# Taking a shot at Killifish Hatching



## xxKeatoxx (Aug 20, 2013)

so as my title states ive decided to buy and setup my own little station for hatching and raising up killifish fry. And what im wondering is if anyone out there has done this and their best tips and methods im going to do quite a bit of research before i start and just want to know the tricks of the trade im going to take lots of pictures and maybe make a journal page too  lemme know what you think!!.


----------



## TomC (Apr 21, 2010)

Here is a thread from when I tried Killies:

http://www.bcaquaria.com/forum/member-photo-video-gallery-17/hatching-killi-eggs-nothobranchius-patrizii-32633/


----------



## xxKeatoxx (Aug 20, 2013)

So half of my egg order has arrived today and ive got them into the water and ready to go  Ill update with lots of pics and trial and error.


----------



## xxKeatoxx (Aug 20, 2013)




----------



## Pamela (Apr 21, 2010)

Hi Keato, I moved this thread into the Breeding/Spawning Section. 

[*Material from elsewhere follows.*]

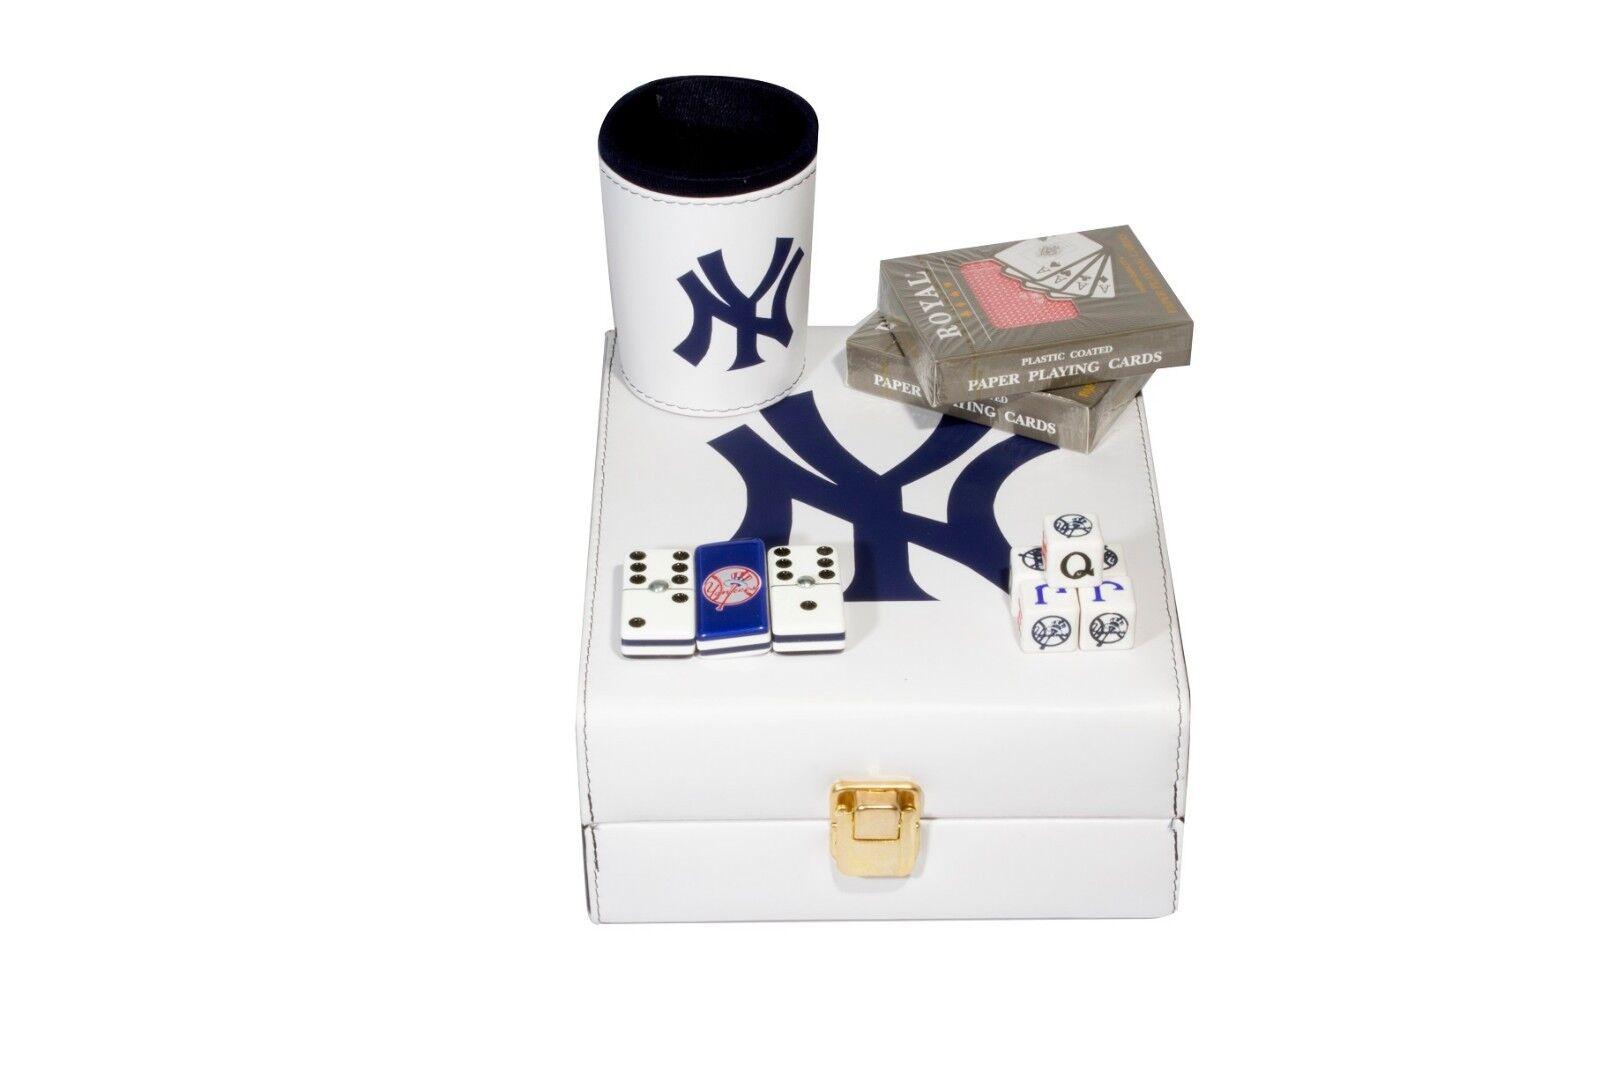 connotazione di lusso low-key Nuovo York Yankees Deluxe Set Set Set 3 giocos  Domino, Dice Cup, 2 Poker autods  prezzo all'ingrosso e qualità affidabile

I've always wanted to try Killi's too, so I look forward to following this thread


----------



## TomC (Apr 21, 2010)

Some of mine hatched right away, so you may have fry by now.


----------



## xxKeatoxx (Aug 20, 2013)

I waited until now to check and see and so far i can count 15 little swimmers.  Ive moved them into their second shoebox style terrarium












See if you can find the little babies.


----------



## xxKeatoxx (Aug 20, 2013)

Moved them into their shoebox gorw out tank for a few days.


----------



## SeaHorse_Fanatic (Apr 22, 2010)

Sounds like fun. I've always loved killifish but never tried my hand at raising/breeding them. I may just have to give them a try one day. Looking forward to your updates.


----------



## xxKeatoxx (Aug 20, 2013)

Checked on it again and there were 3 more fry so i added them to the grow out tank.


----------



## xxKeatoxx (Aug 20, 2013)

5 days old and doing well


----------



## TomC (Apr 21, 2010)

Which species are they?


----------



## xxKeatoxx (Aug 20, 2013)

n rachovii black, n palmqvisti, n foerschi the rachovii beira 98 hasnt arrived yet!


----------



## xxKeatoxx (Aug 20, 2013)

the ones i hatched out were a mix so im not sure as to which exact one shave hatched it could be a mix of all three before mentioned strains or two or one depending on which hatched out


----------



## xxKeatoxx (Aug 20, 2013)

Here's some pics of the little guys one week old!!


----------



## xxKeatoxx (Aug 20, 2013)

I am completely obsessed with these little dudes i sit and watch them for hours at a time! my bf thinks im losing my mind!


----------



## xxKeatoxx (Aug 20, 2013)

Two weeks old today hatch # 20 success so far 11 fry and eating like champs. 50%+ success rate so far pretty good for first attempt. 2 more weeks until colors develop.


----------



## xxKeatoxx (Aug 20, 2013)




----------



## Reckon (Jul 25, 2012)

They are getting bigger!


----------



## xxKeatoxx (Aug 20, 2013)

Yes they are 3 weeks old tomorrow! Should be some displaying colors in another week or so


----------



## rave93 (Dec 7, 2010)

are you gonna sell them?


----------



## xxKeatoxx (Aug 20, 2013)

Yes i am as soon as theyre showing colors and i can determine the sex and strain of these guys. it was a mixed batch so i have to figure out and devide the different strains of nothobranchius killies


----------



## xxKeatoxx (Aug 20, 2013)

4 weeks old today  and still 11 strong


----------



## xxKeatoxx (Aug 20, 2013)

Getting so big and eating like champs


----------



## Fish rookie (May 21, 2012)

what are you feeding them?


----------



## xxKeatoxx (Aug 20, 2013)

bbs and microworms and crushed flaked food and spirulina pellets


----------